It’s summertime. Quality backyard time, beach trips and grilling are on our minds. But for those living with psoriasis, warmer months can also bring doubt and uncertainty about how exposure to the sun can affect you. Of course sunscreen is important – but is it safe to apply on your psoriasis-affected skin? Will it have an adverse effect on your psoriasis treatment?
We turned to Laura Korb Ferris, M.D., Ph.D., who is an associate professor of dermatology at the University of Pittsburgh School of Medicine, to help shed some light on the importance of sunscreen so you can get back to your favorite outdoor activities.
Q: Why is using sunscreen so important for those with psoriasis?
Dr. Ferris: While many who suffer from psoriasis find that the sun helps to improve their skin’s appearance, there are dangers from too much exposure. Just as with any skin, the ultraviolet rays of the sun can penetrate the layers of the skin, cause severe sunburn and increase the risk of skin cancer. That is why wearing sunblock is extremely important for all of us, including psoriasis patients.
Q: What are some additional considerations that those living with psoriasis must keep in mind when staying outside in the sun?
Dr. Ferris: Some medications (like acitretin or methotrexate) can potentially increase sun sensitivity. Patients with psoriasis may also be at higher risk of skin cancer due to the medications they take (such as those that block tumor necrosis factor alpha). Patients with a lot of ultraviolet light B exposure in the past from in-office phototherapy may also be at higher risk of skin cancer. Also, a severe sunburn, like any injury to the skin, may flare psoriasis. That is why it is so important to use sunscreen when out in the sun.
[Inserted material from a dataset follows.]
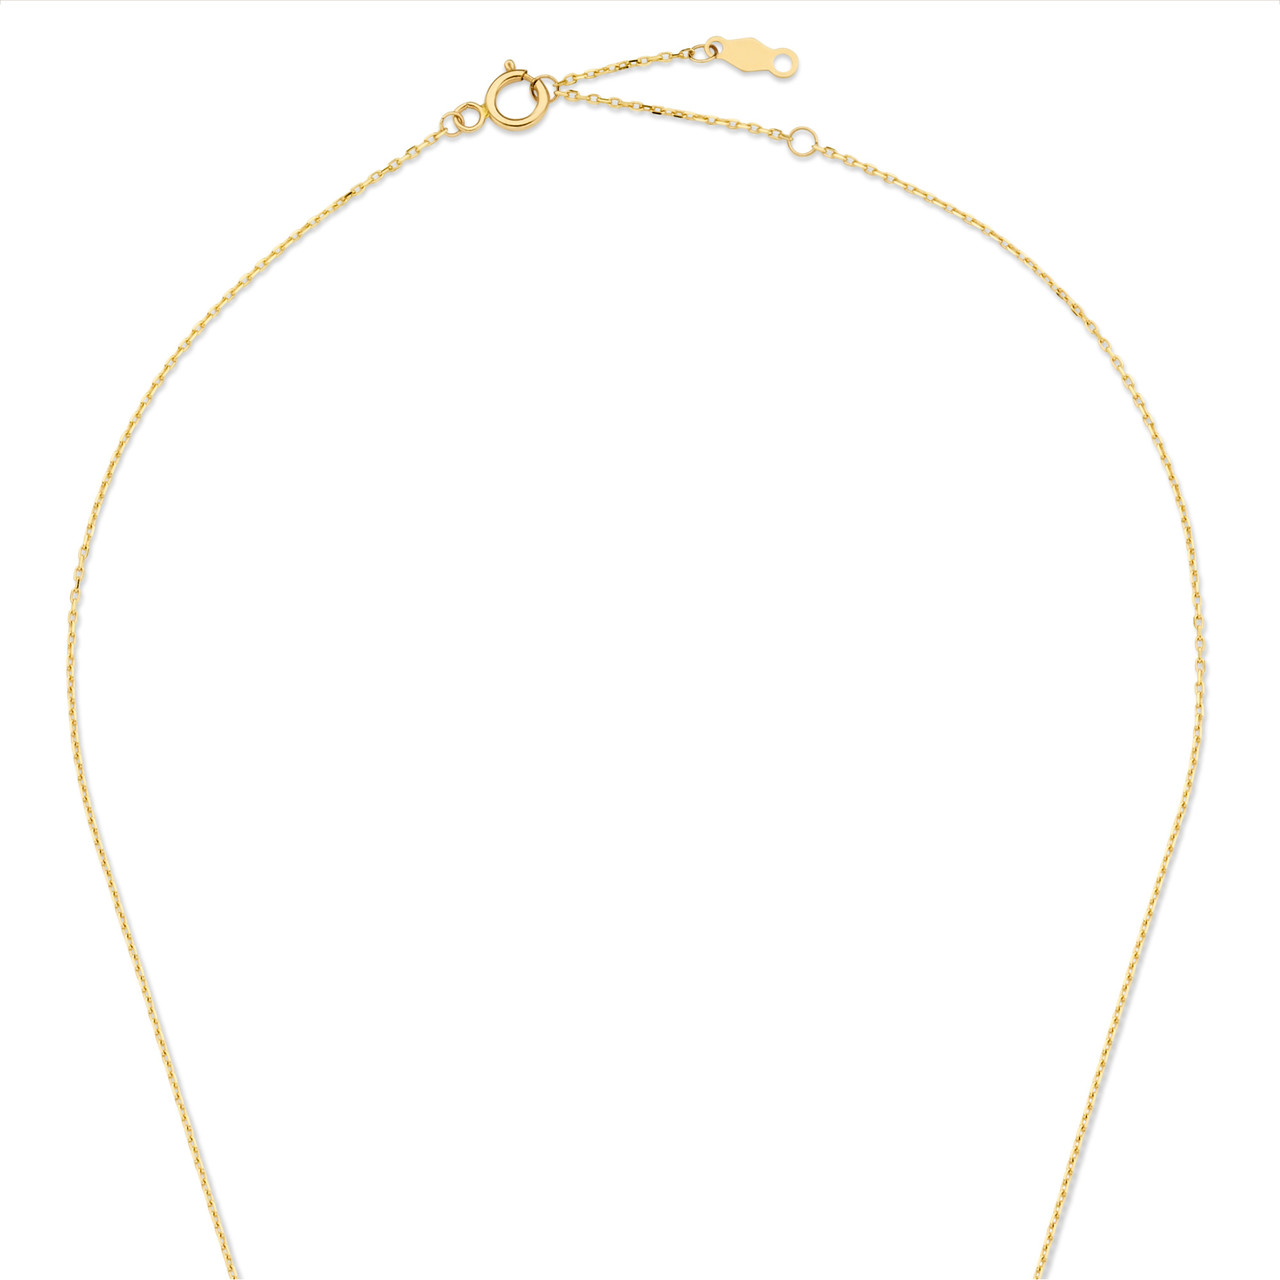 Isabel IB340138 necklace Bernard - karat 14 gold
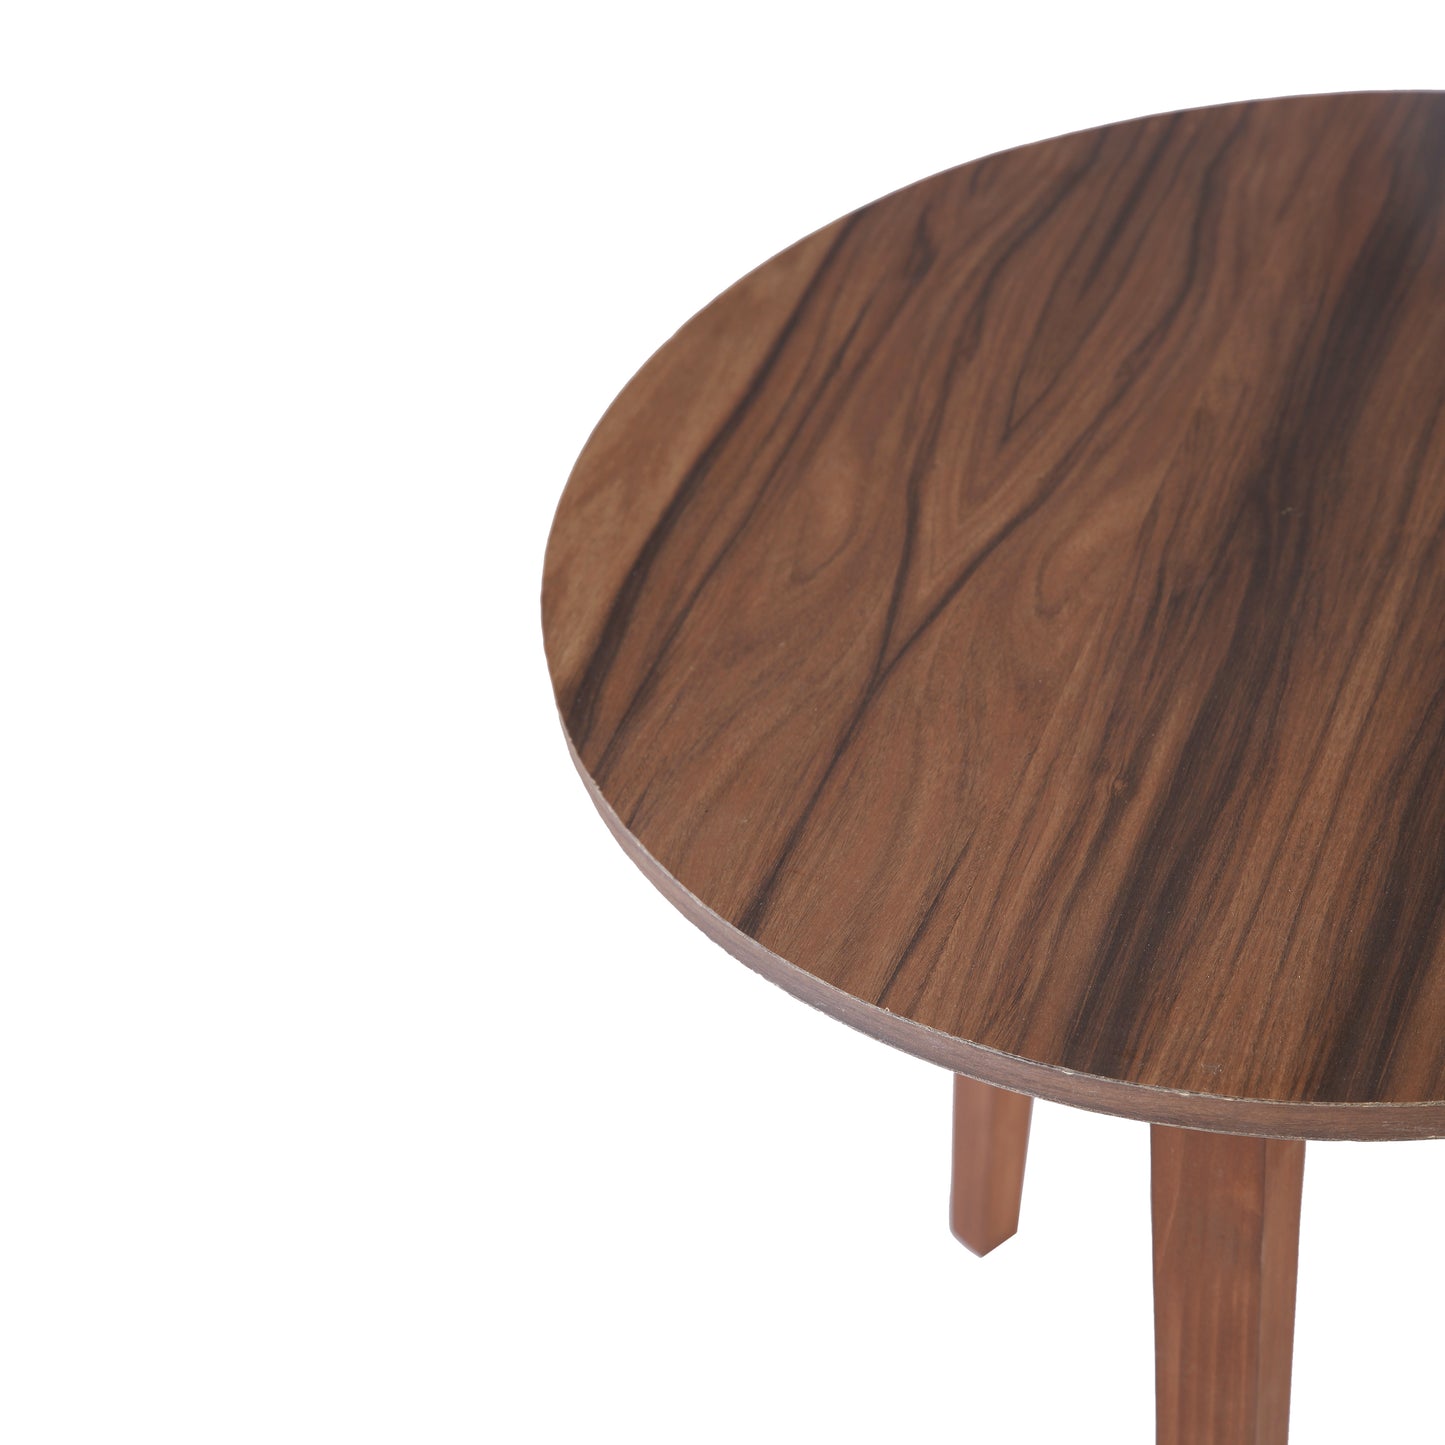 A Tiny Mistake Walnut Matt Finish Wooden Nesting Tables (Set of 2), Living Room Decor

Q: Is over-the-counter sunscreen safe to apply to skin with active flares?
Dr. Ferris: It is best not to apply sunscreen to open or actively inflamed skin.
Q: What should those with psoriasis be looking for when shopping for a sunscreen?
Dr. Ferris: Ideally, I recommend looking for sunscreens that contain zinc oxide or titanium dioxide, which are products that help to block the sun’s harmful rays. Look for sunscreens that are at least SPF 30. Other than avoiding open or inflamed skin, the same recommendations hold true for psoriasis patients as with most people.
Q: Is sunscreen enough to keep you safe in the sun?
Dr. Ferris: In warm weather, there are a number of issues that can contribute to flare-ups, including sunburn and too much exposure to the sun. It is important to apply sunscreen frequently, but other measures are also important, like wearing clothing that helps to protect your skin while in the sun, sitting in the shade when you can, avoiding peak hours of sun between the hours of 10 a.m. and 4 p.m. and wearing a hat.